> Work to complete
Omit all pictures. Quote only the lines from the one with "Elohim-Name-in-Hebrew-from-Jewish-Bible.jpg?profile=RESIZE_710x" through the end of the material below.

START Given material

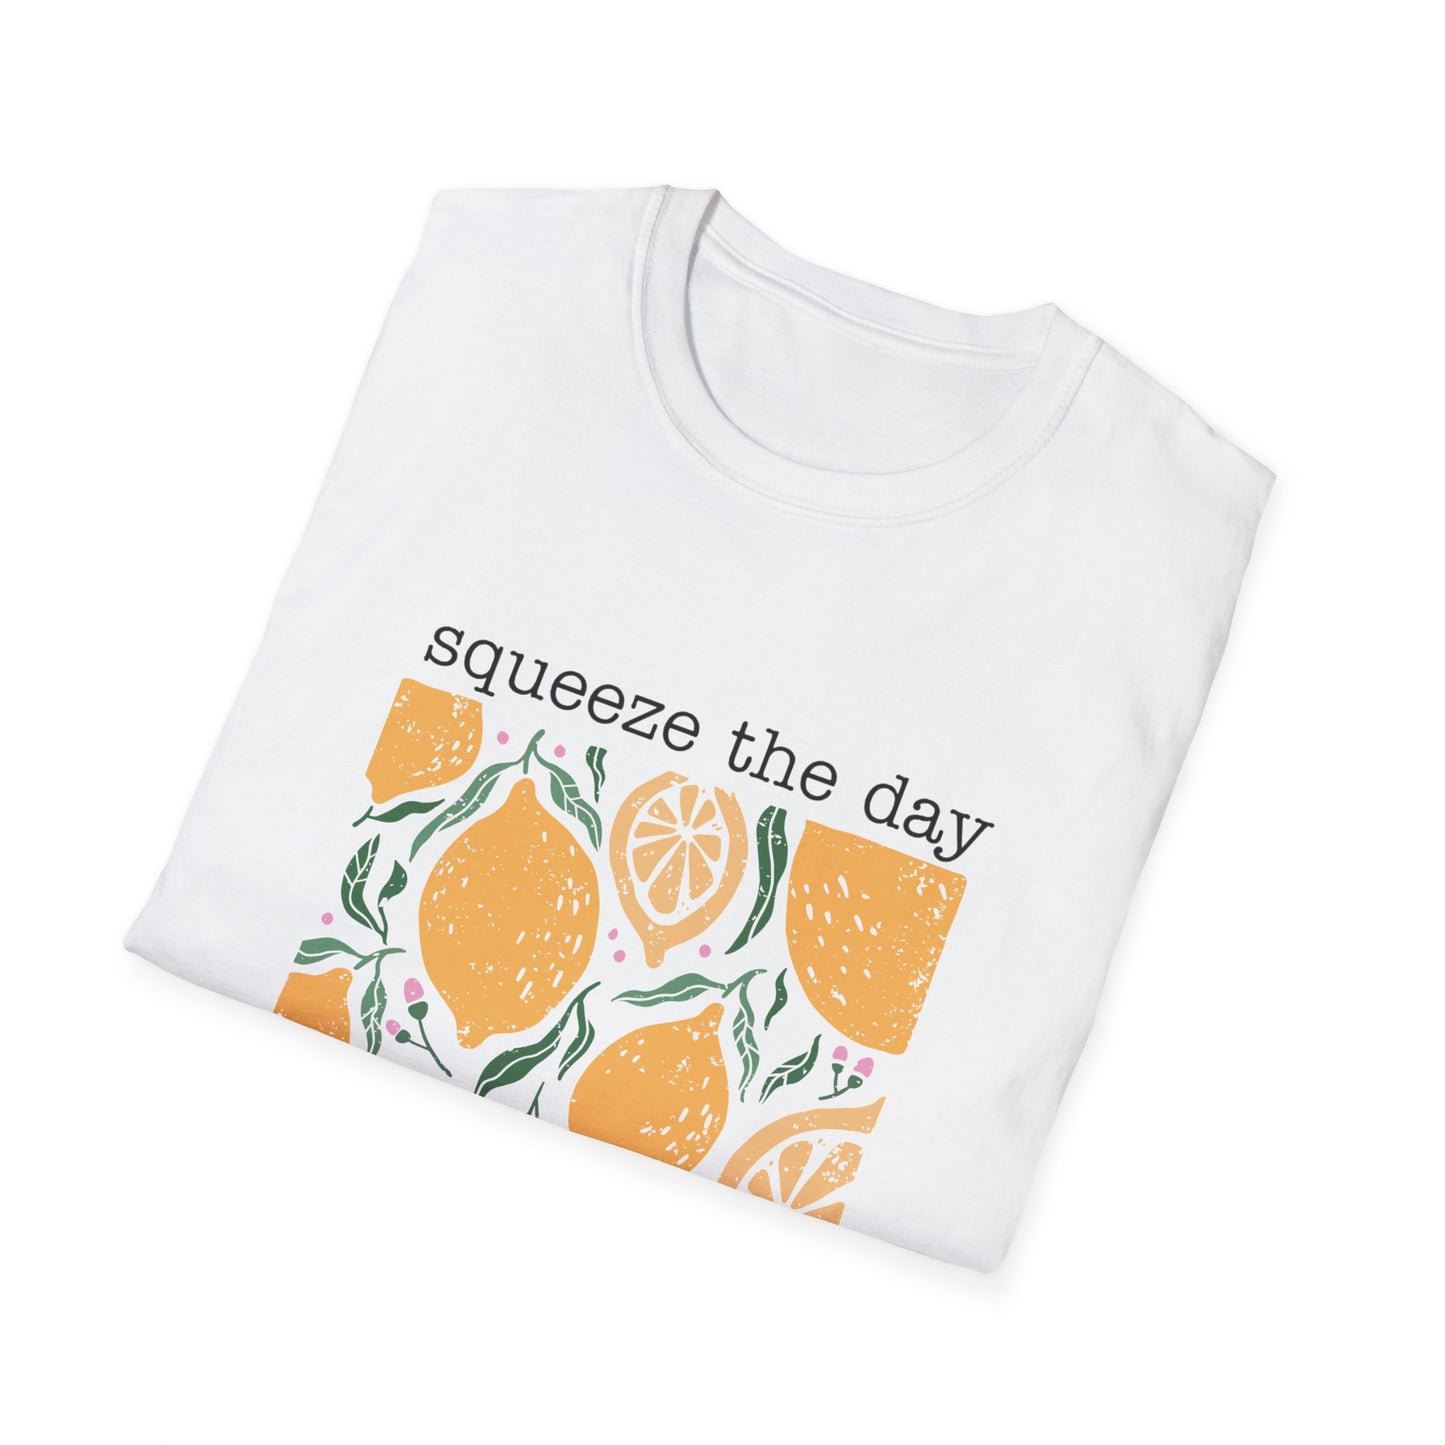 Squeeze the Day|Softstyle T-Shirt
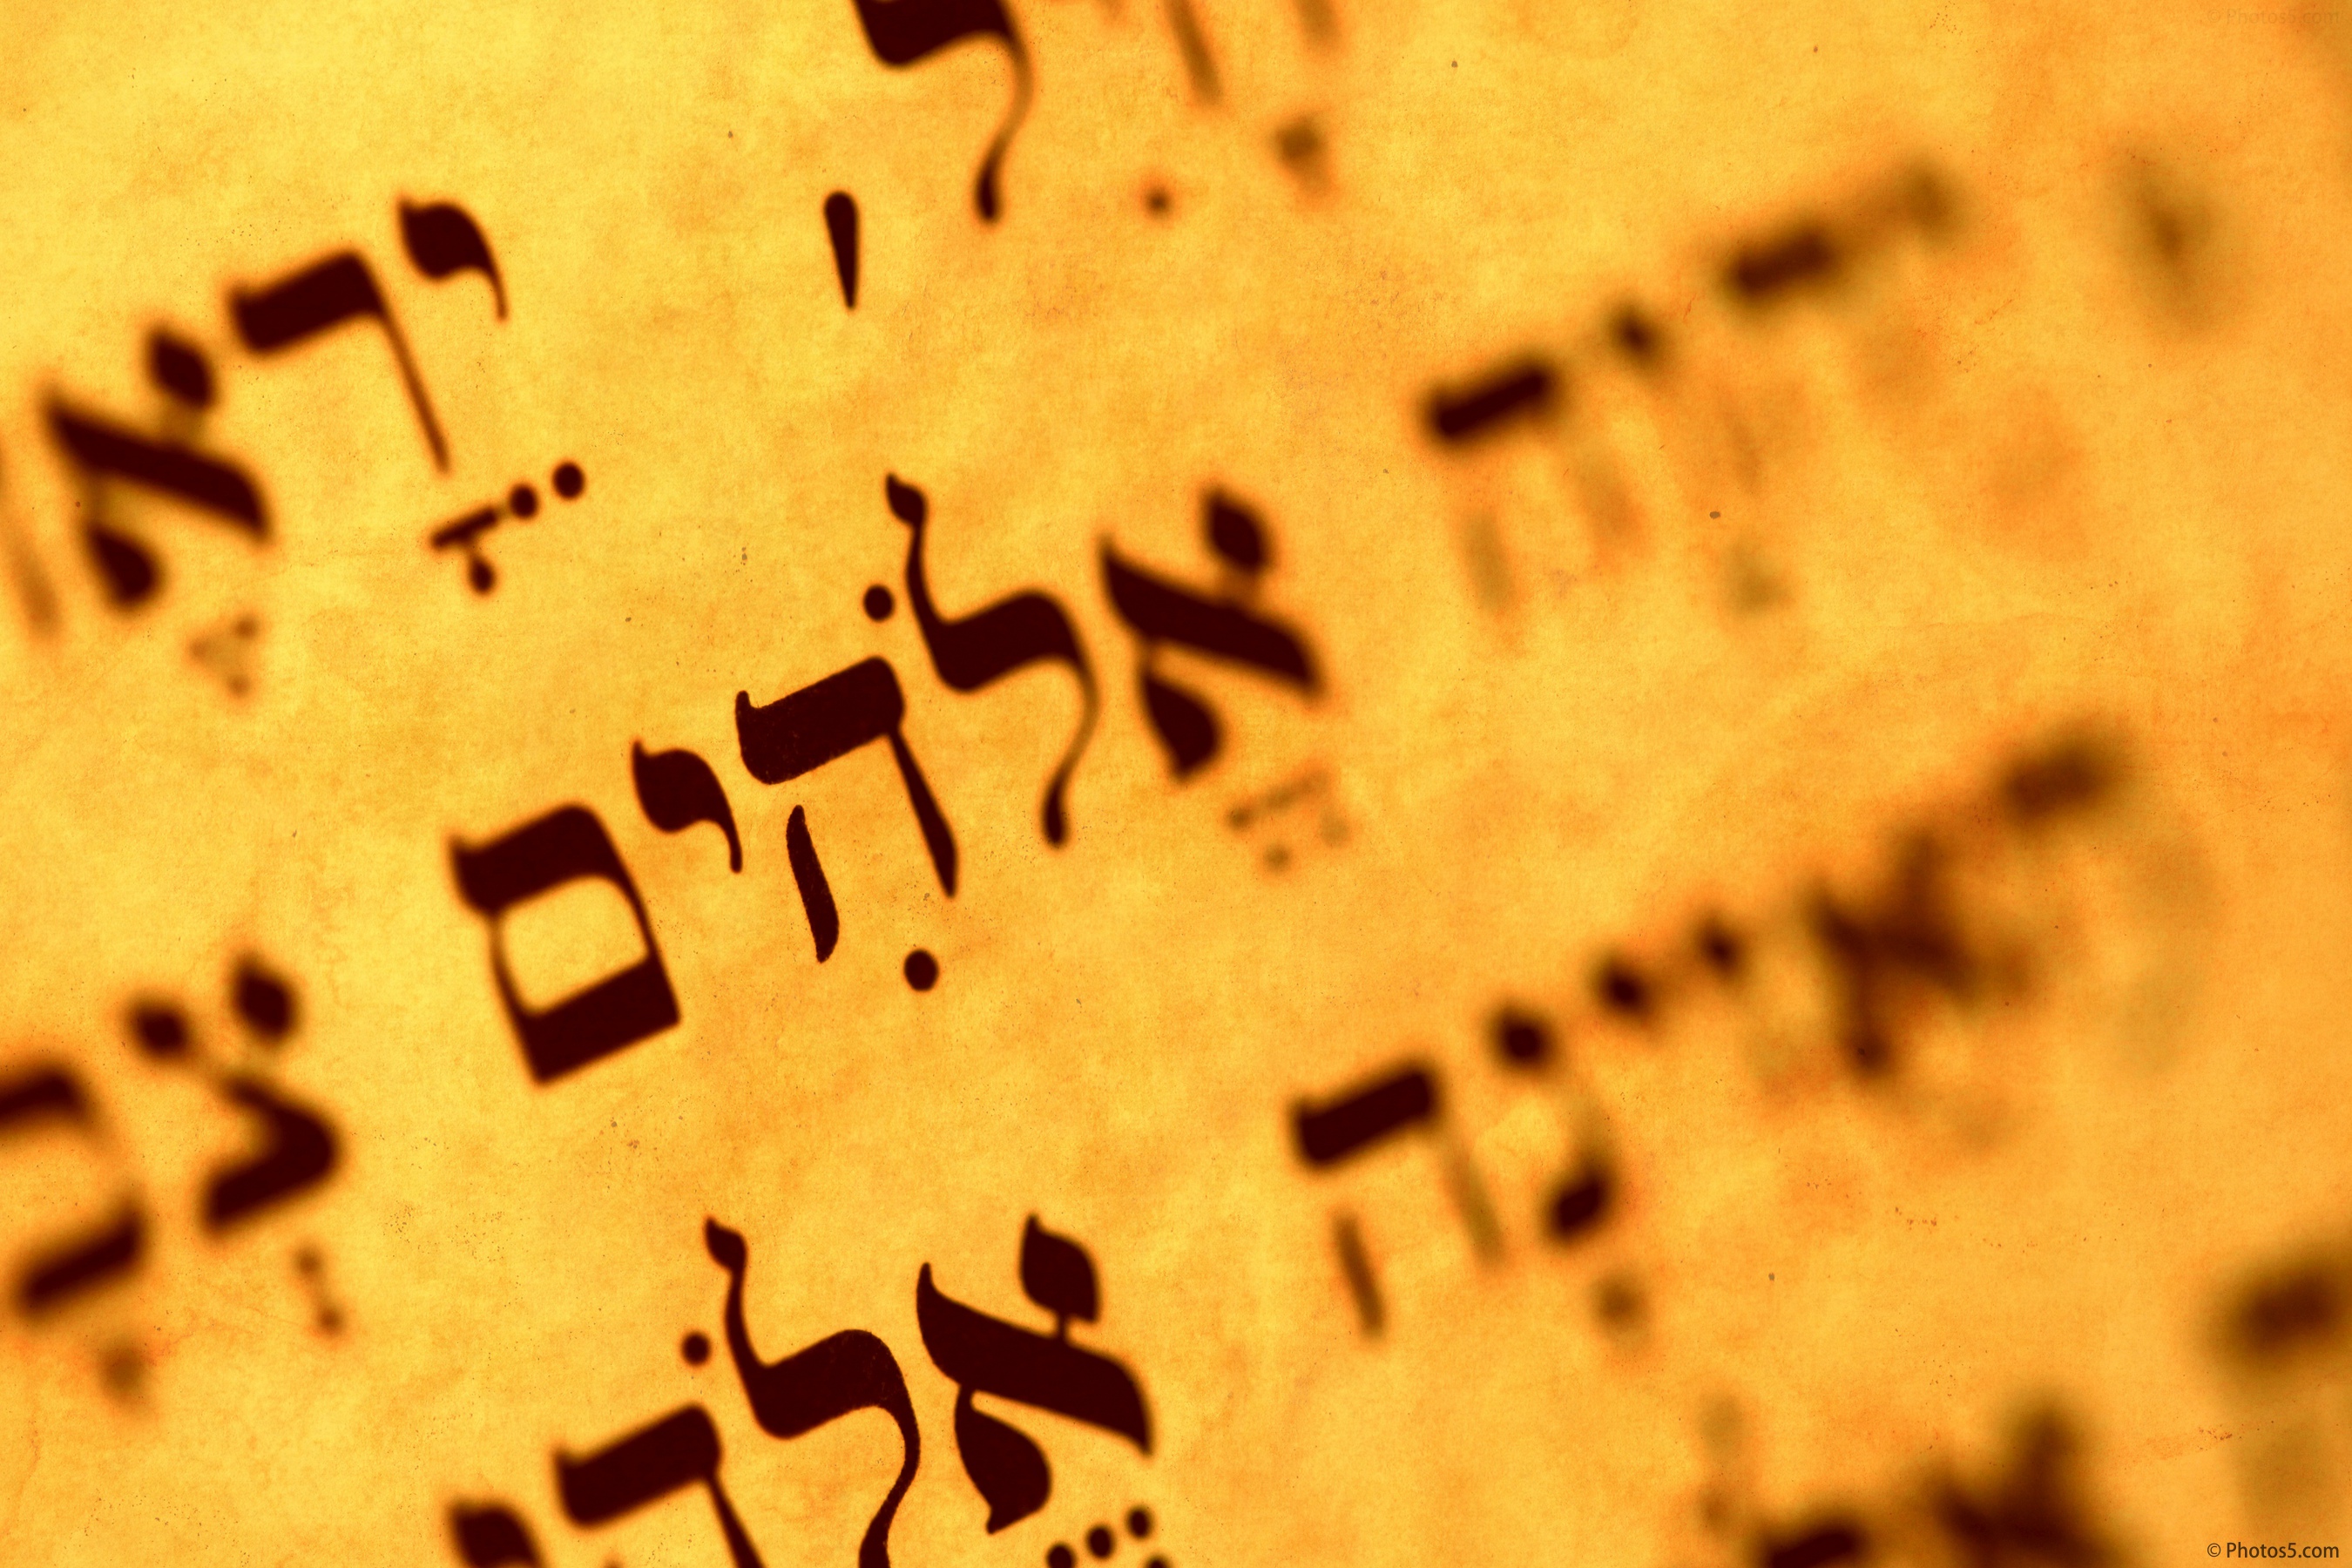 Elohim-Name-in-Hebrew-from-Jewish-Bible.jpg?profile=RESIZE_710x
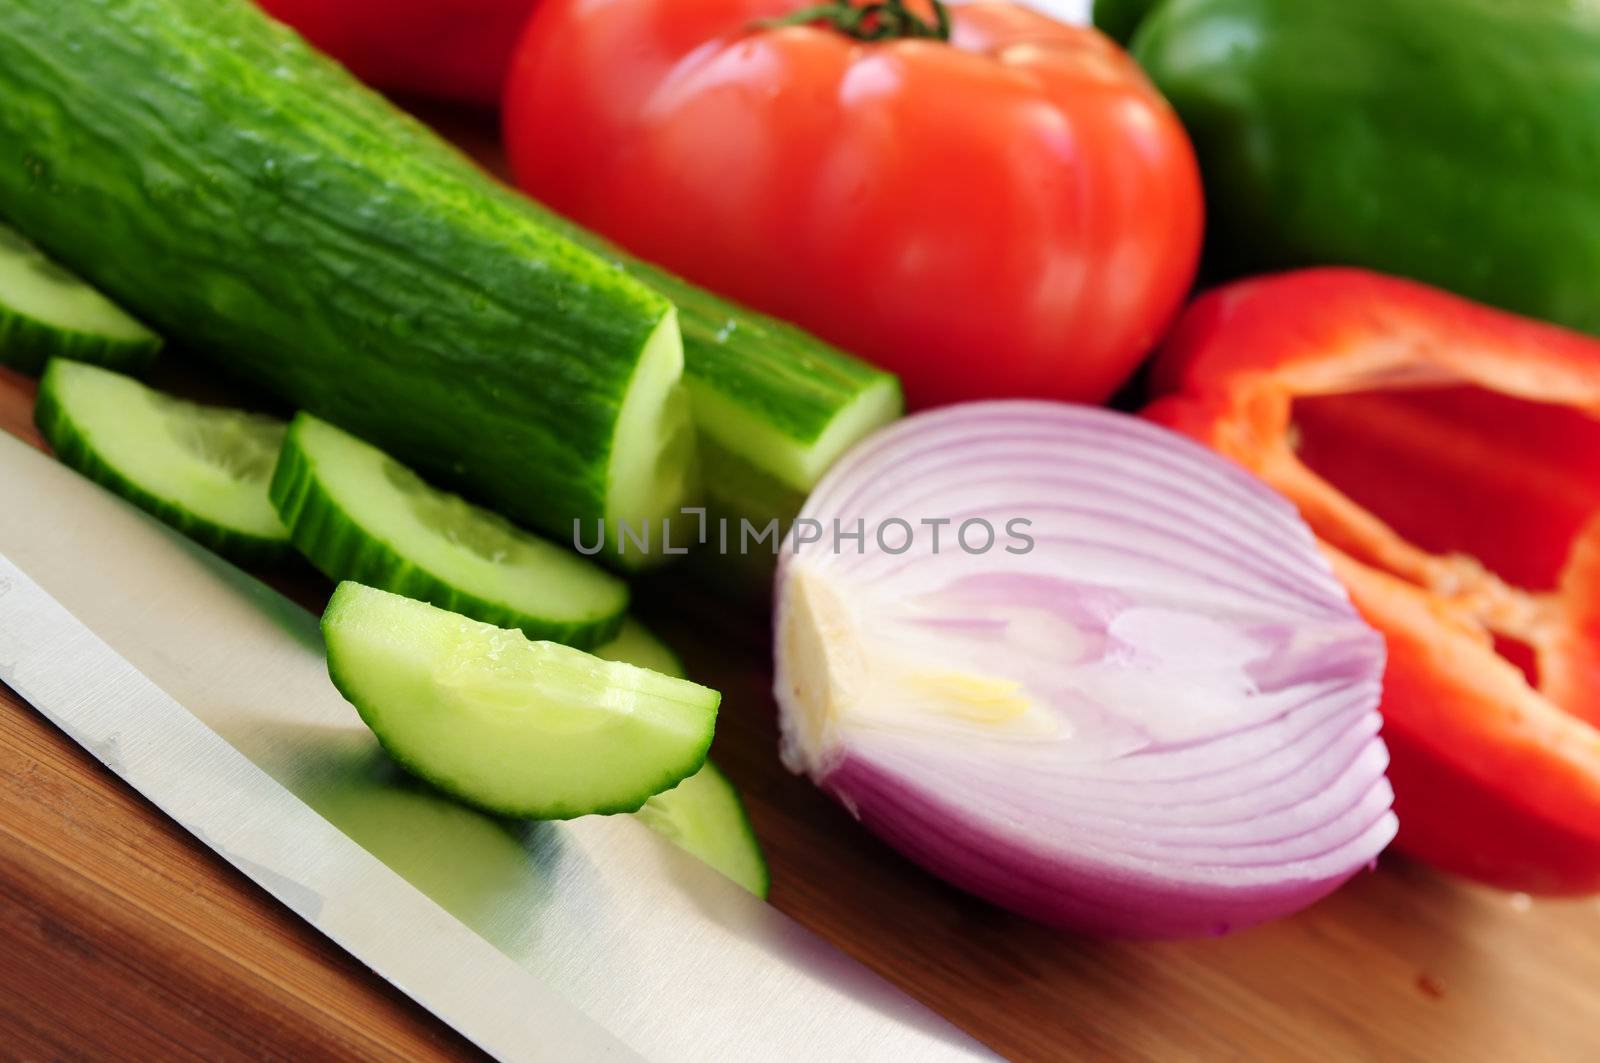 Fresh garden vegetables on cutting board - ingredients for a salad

END Given material

> Exercise response
 Elohim-Name-in-Hebrew-from-Jewish-Bible.jpg?profile=RESIZE_710x
 Fresh garden vegetables on cutting board - ingredients for a salad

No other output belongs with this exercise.